Ich gehe davon aus, dass die nächste Institution Dalai Lama diese Schirmherrschaft weiterführen wird. Man muss jedoch unterscheiden zwischen der Institution Dalai Lama und der Person des jetzigen Amtsinhabers. Das ist auch deshalb wichtig, weil er – laut Tradition – in der Person eines Kleinkinds wiedergeboren wird, das zuerst gefunden werden und aufwachsen muss, bevor es seine Pflichten wahrnehmen kann. Das wird für die tibetische Gemeinschaft eine spannende Phase.
Inwiefern?
Der aktuelle Dalai Lama musste im Alter von 15 Jahren die Regierungsgeschäfte übernehmen und als Vertreter der Tibeter mit dem chinesischen Machthaber Mao Zedong verhandeln. Heute liegt die politische Macht nicht mehr in seinen Händen, aber faktisch ist er noch immer eine sehr starke Identifikationsfigur. Viele Tibeter sind mit ihm aufgewachsen, er hält das Volk quasi zusammen. Wenn nach ihm ein Kind zum Dalai Lama wird, wird sich diese Dynamik verändern. Die Rollen von Exilparlament und -regierung werden dann wohl wichtiger.
Hinzu kommt, dass die Besatzungsmacht China einen eigenen Dalai Lama ernennen könnte. Welchen Einfluss hat das, wenn es künftig neben dem rechtmässigen Nachfolger eine Art chinesische Marionette gäbe?

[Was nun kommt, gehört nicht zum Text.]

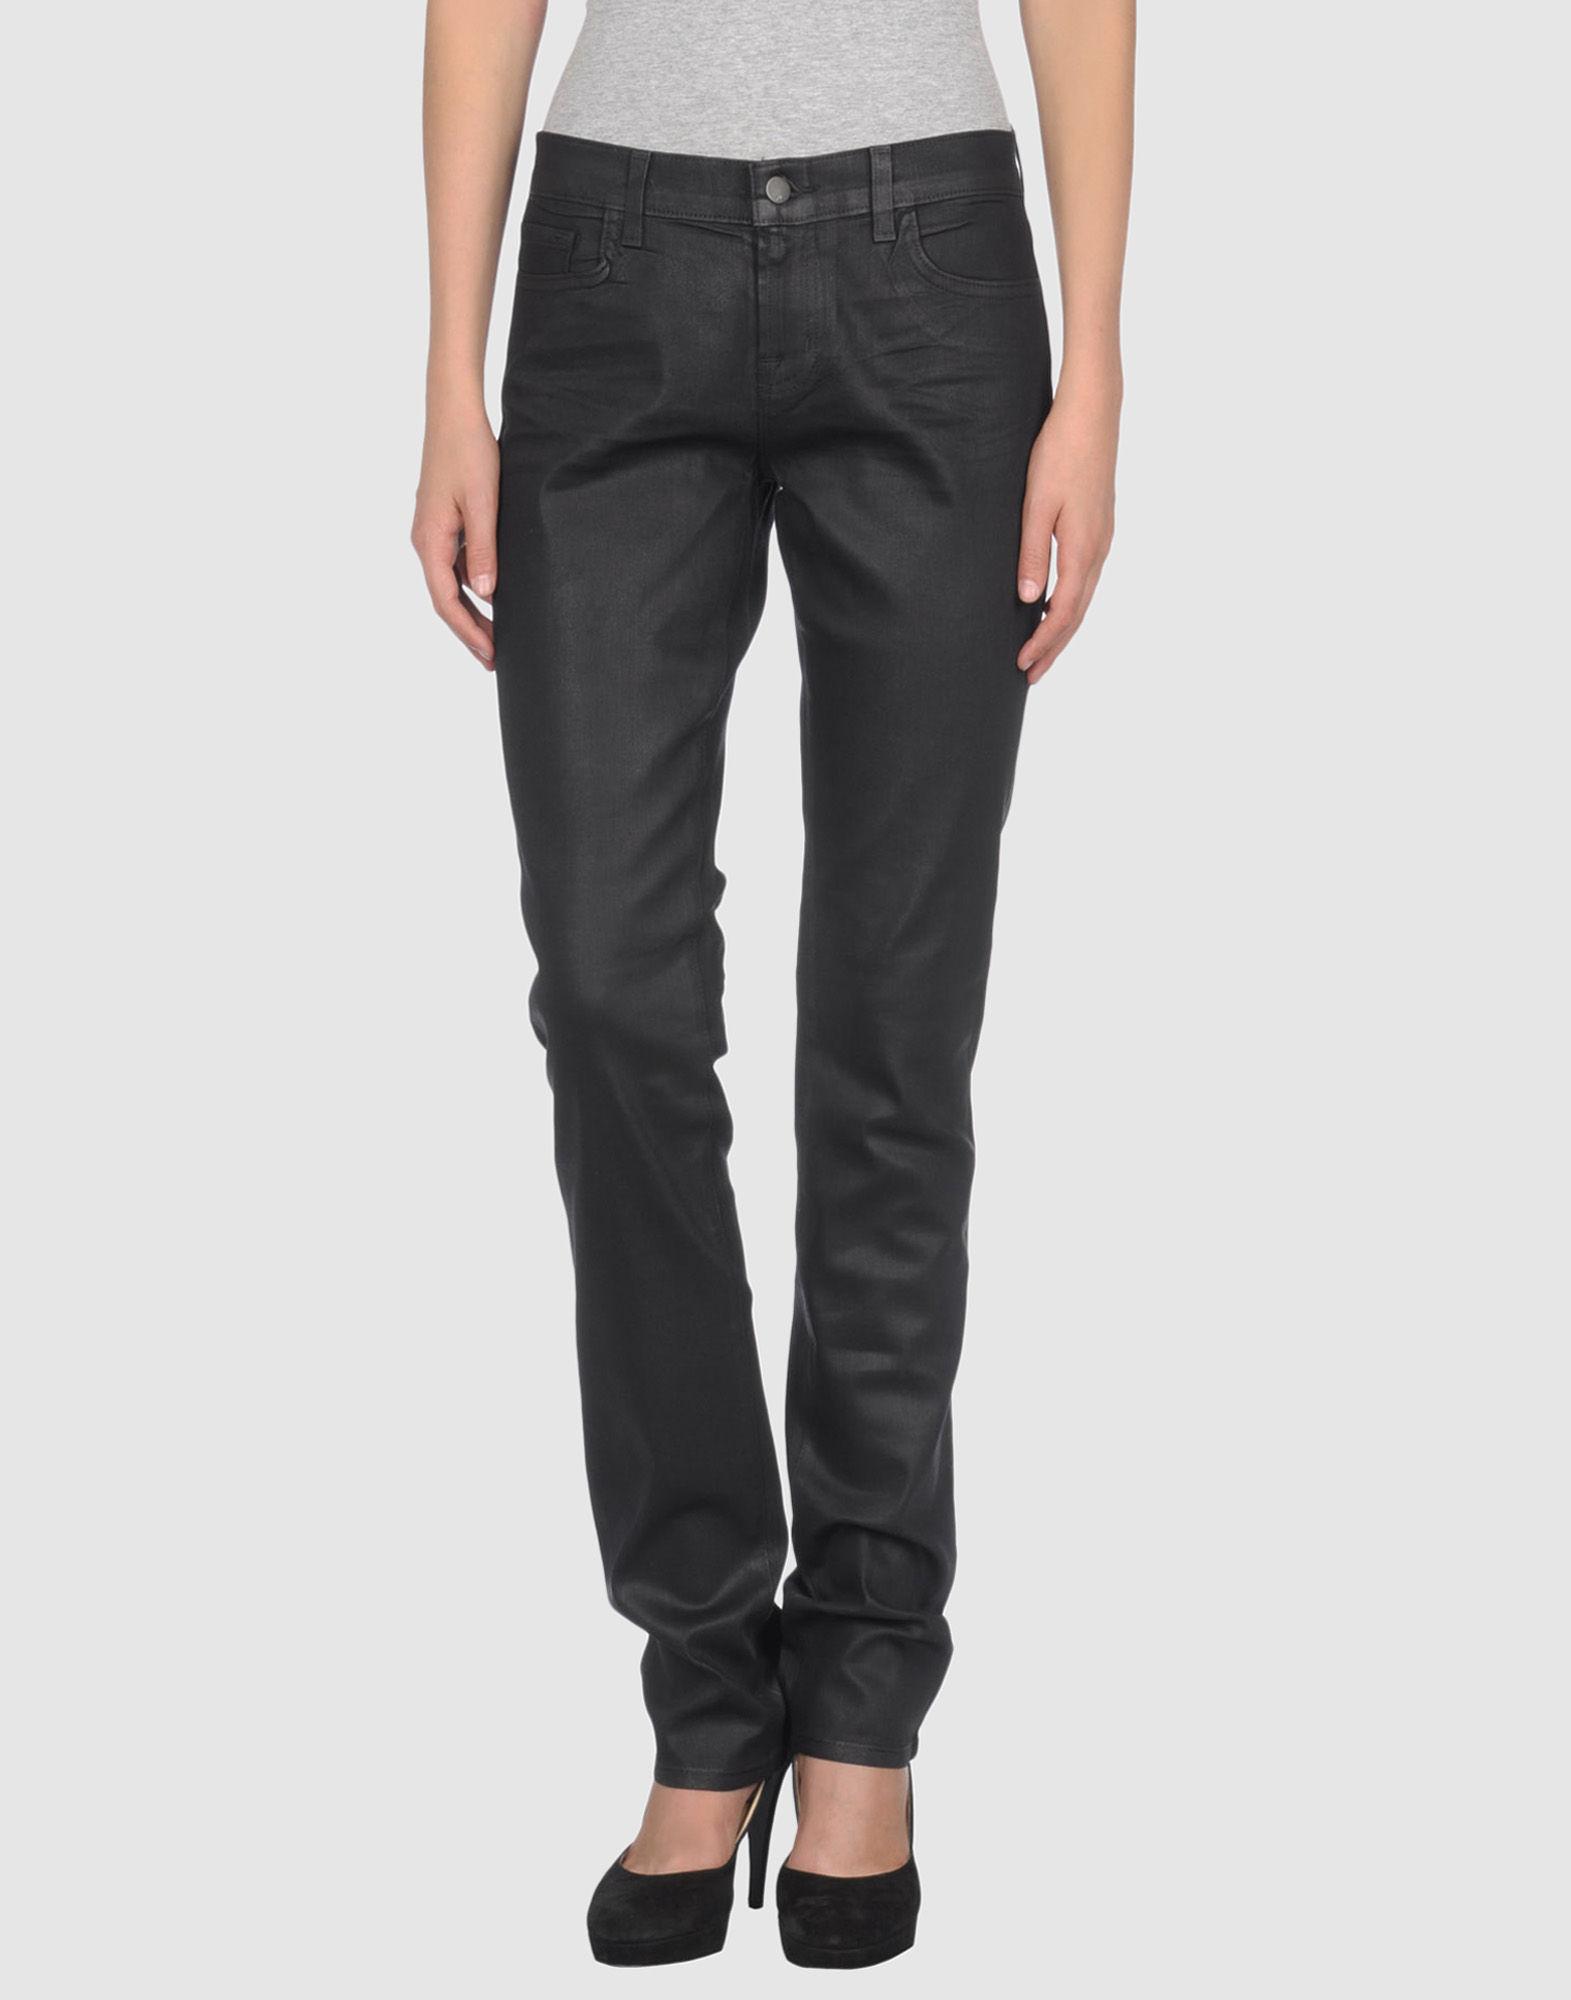 Pantaloni Jeans J Brand Donna - Acquista online su H6pzV2IUr

Ich halte es für wahrscheinlich, dass China das tun wird und diesen als «echten» Dalai Lama inszenieren wird, um so das tibetische Volk zu spalten. Vermutlich würde China dann versuchen, «seinen» Dalai Lama ähnlich zu präsentieren, wie dies heute beim tibetischen Original gehandhabt wird. Für die Tibeter ist klar, dass sie nur ihren Dalai Lama akzeptieren. Die Frage ist aber, wie die westliche Welt reagiert, zumal gerade auch die politische Schweiz im Umgang mit dem Dalai Lama immer recht vorsichtig war, weil sie China nicht verärgern wollte.

Deshalb hat der Dalai Lama auch angekündigt, er werde in der freien Welt, also im Exil, wiedergeboren.
Genau – was wiederum China verärgerte. Am Mittwoch betonte er zudem, dass allein seine Stiftung über die Nachfolge entscheiden wird. Unser Stiftungsrat hatte bereits letztes Jahr entschieden, dass wir gegen eine Politisierung sind – und dass sich keine Drittparteien in diese religiöse Entscheidung einmischen sollen.
Und was ändert sich für das Tibet-Institut, wenn der aktuelle Dalai Lama nach seinem Tod als verbindende Figur nicht mehr in Erscheinung tritt, bis sein Nachfolger erwachsen ist?
Als einziges tibetisch-buddhistisches Kloster in Europa unter der Schirmherrschaft des Dalai Lama könnten wir einen Teil dieser verbindenden Aufgaben übernehmen. Unsere Bedeutung für die Tibeter-Gemeinschaft würde also sogar zunehmen.
Zurück zum Schwerpunktjahr «Mitgefühl», das sie seit letztem Wochenende begehen. Was ist dort sonst noch geplant?
Wir werden verschiedene Kurse mit Fokus auf das Thema «Mitgefühl» anbieten. Ausserdem sind Spezialveranstaltungen über die Institution Dalai Lama, Vorträge und eine Podiumsdiskussion mit Vertretern verschiedener Religionen, ebenfalls zum Thema «Mitgefühl», geplant.